Pour une réappropriation des cultures ancestrales : Cela prend du temps à expliquer. C'est long, de changer à nouveau les mentalités. Le chemin de l'éducation est long. Cela peut prendre dix jours, dix mois ou dix ans. Or, en coupant un arbre, on devient rapidement riche, du jour au lendemain. Mais le problème des arbres inclut celui de l'eau. Les arbres permettent de sauver l'eau : sans arbres, l'eau disparaît. Sans arbre l'eau ne fait que se répandre, augmente le risque d'inondation et d'érosion des sols? la monoculture affectant, et jusqu'aux habitations. Je ne cesse de constater dans mon pays le changement d'état d'esprit provoqué par le business de la mondialisation.

Nos maisons en bois, naturelles, sont précisément conçues pour protéger de l'eau, durant la mousson, et des tremblements de terre aussi, avec un bois très solide. Maintenant, le bois est remplacé par du béton. Le statut social qui était associé au bois a changé lui aussi : à l'époque de mes grands-parents, avoir une maison en bois signifiait un statut social important. aujourd'hui, c'est le béton qui prime. Et l'économie organise tout. [...]

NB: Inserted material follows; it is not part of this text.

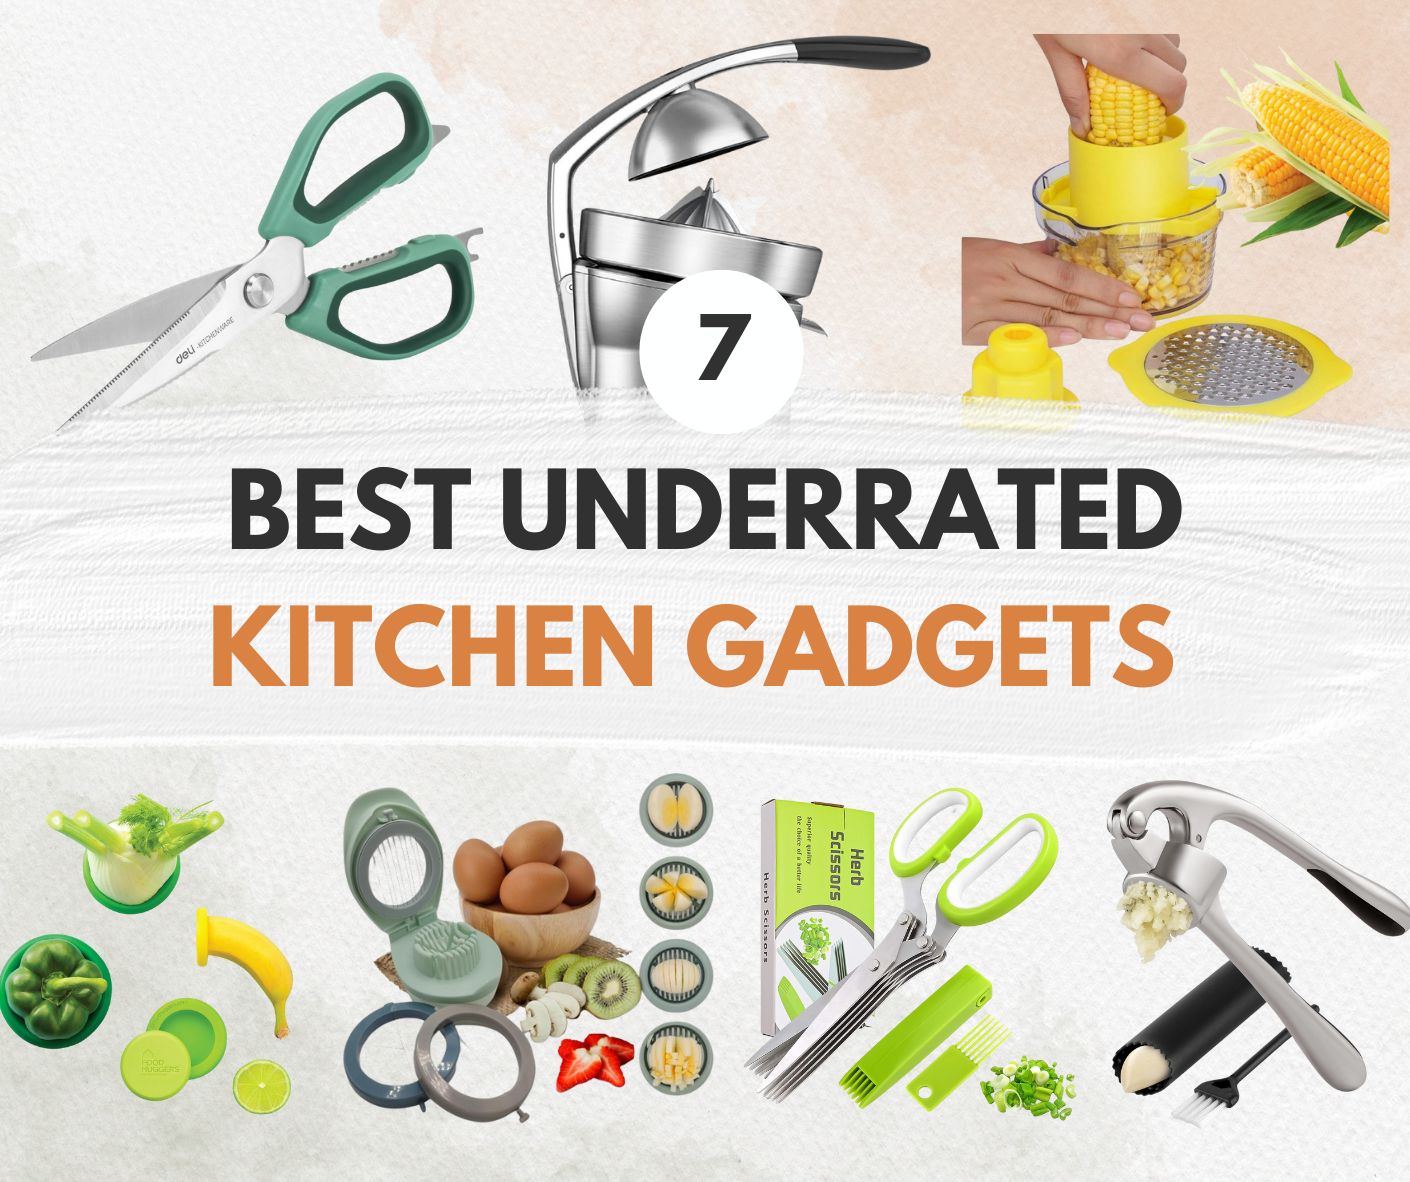 7 Underrated Kitchen Gadgets for Seamless Cooking - Reviewed
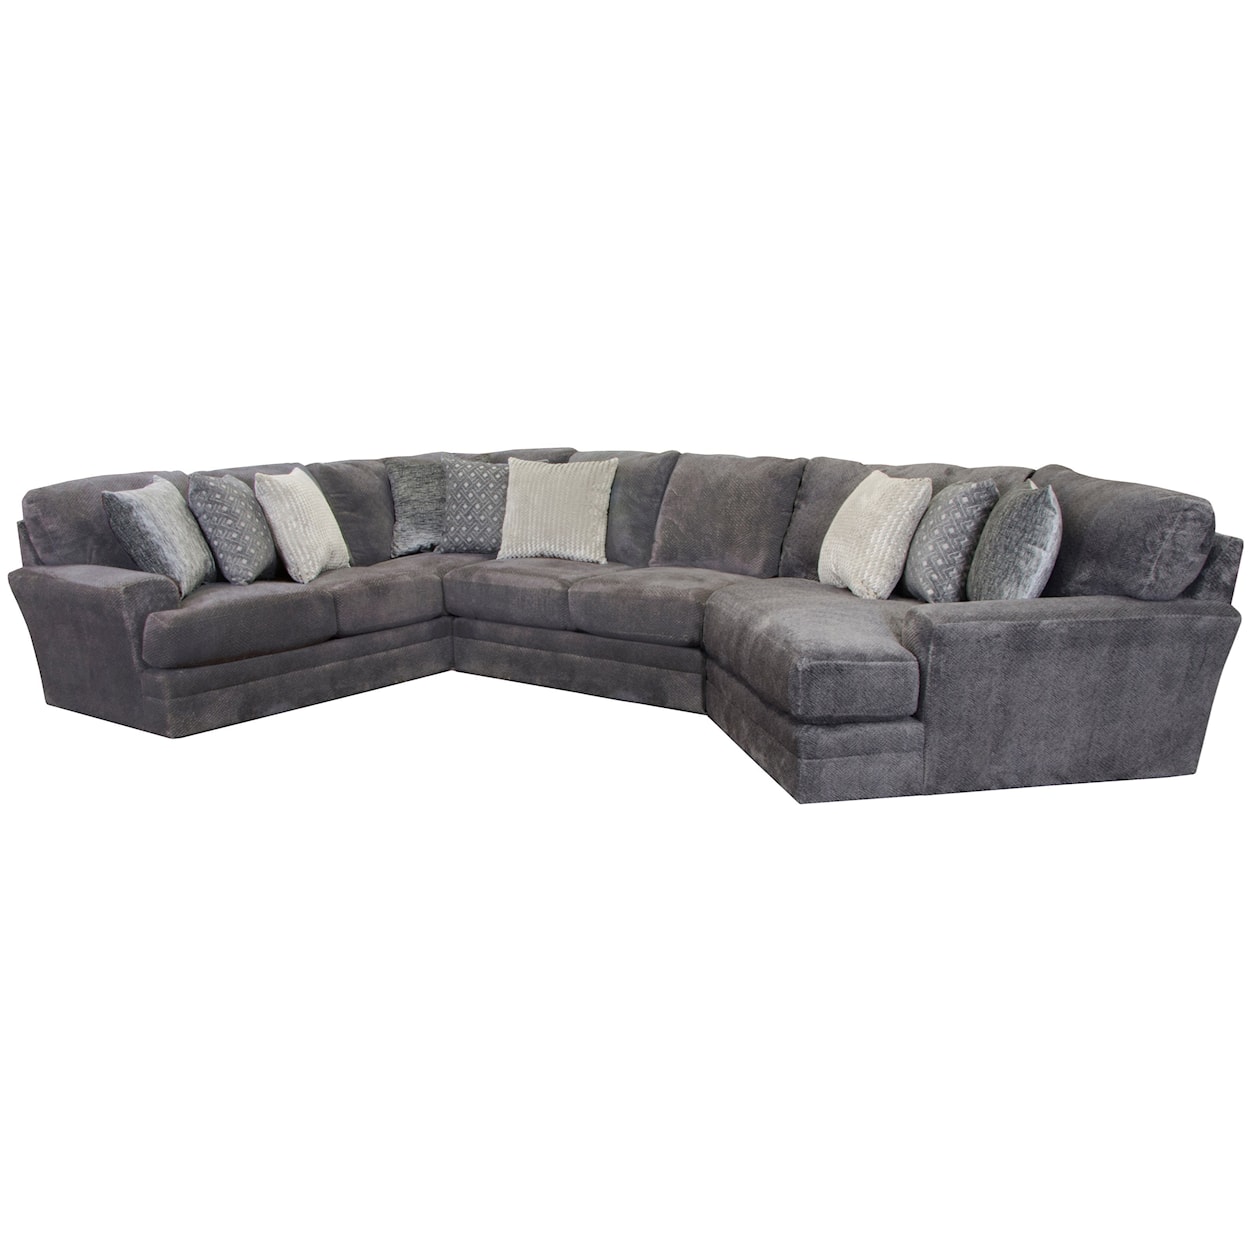 Carolina Furniture 4376 Mammoth 3-Piece Sectional with RSF Piano Wedge

Or, le bois était important pour les croyances, pour notre spiritualité : notre rapport aux arbres et au bois est très fort, dans le syncrétisme. On n'utilise pas n'importe quel bois pour faire une maison, chacun a une spécificité. Par exemple, les sculptures en bois des soubassements sont censées protéger les maisons des esprits malfaisants, et des figurines en bois sont positionnées à différents endroits pour accueillir les visiteurs. Les meubles en teck sont très prisés, et les masques en bois sculpté sont importants dans les rites et le théâtre.